WASHINGTON, March 18 (UPI) -- The continuing conflict between Northrop Grumman (NYSE:NOC) and Boeing over the U.S. Air Force's gigantic air tanker is unique in the recent history of U.S. military procurement.
The interactions of the dozen or so largest U.S. defense contractors usually resemble an intricate minuet performed by gigantic dinosaurs with an infinite number of interacting appendages. The business of the biggest contractors is often closely intertwined. It is routine for divisions of one giant contractor -- units that as companies of their own would be worth hundreds of millions of dollars, or even billions of dollars in their own right -- to work closely and harmoniously with subcontractors for rival corporations. Even when competition may be intense for a particularly big contract, there is usually little, if any, bad blood afterward, at least in public.
However, the giant corporations of the U.S. defense industry are also like major nations that control their own territories and empires. Companies will develop areas where their own specialty will be taken for granted. General Dynamic Electric Boat therefore is the company that makes nuclear submarines. The Boeing Co. (NYSE:BA) builds the finest strategic bombers and airliners in the world and breathtaking anti-ballistic missile systems too. Lockheed Martin (NYSE:LMT) is famous for the Patriot anti-ballistic missile for which it is the prime contractor.
But occasionally, just as entire provinces may change hands in a war, or overseas colonial empires become independent or change hands, one giant corporation will win a contract in an area which another corporation has looked upon as its own traditional preserve. This happened under the Clinton administration when Boeing won the main orders for the Future Intelligence Architecture -- the next generation of U.S. intelligence, surveillance and reconnaissance satellites, wresting the business from Lockheed Martin, which had been dominant in the field for more than 30 years.

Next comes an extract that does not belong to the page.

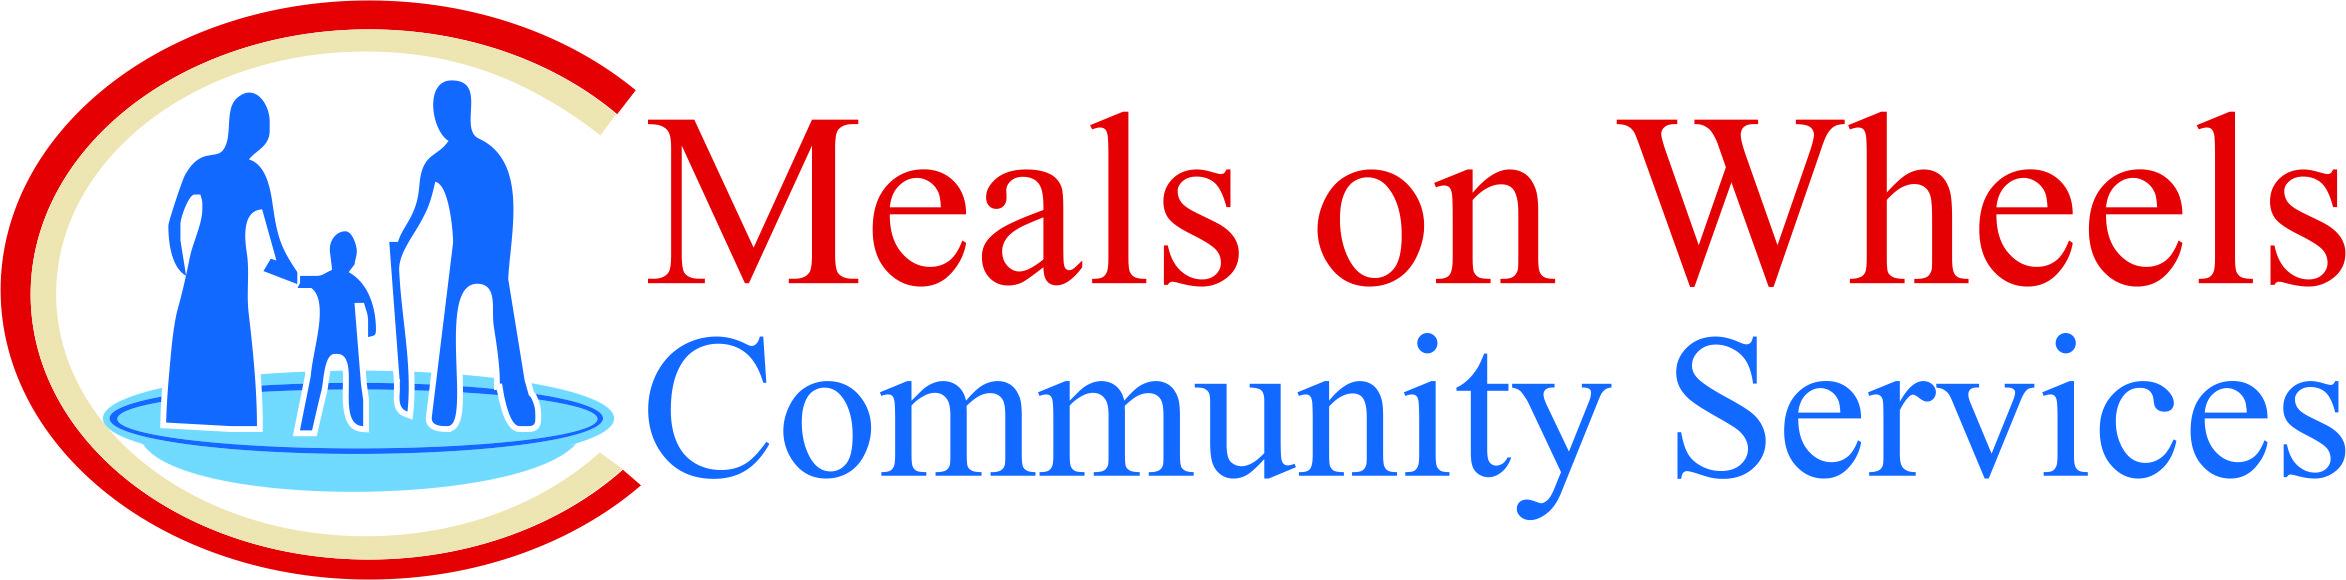 Meals On Wheels Logo - Intercape Freightliner Client

Now Boeing has suffered the same fate in the air tanker market. It has provided the U.S. air force with its fleet of KC-135 air tankers -- originally versions of the Boeing 707 -- for more than half a century. The KC-135s have been flying since the Eisenhower administration and Boeing has done a superlative job of keeping them reliable and efficient for decades longer than their original projected operational life.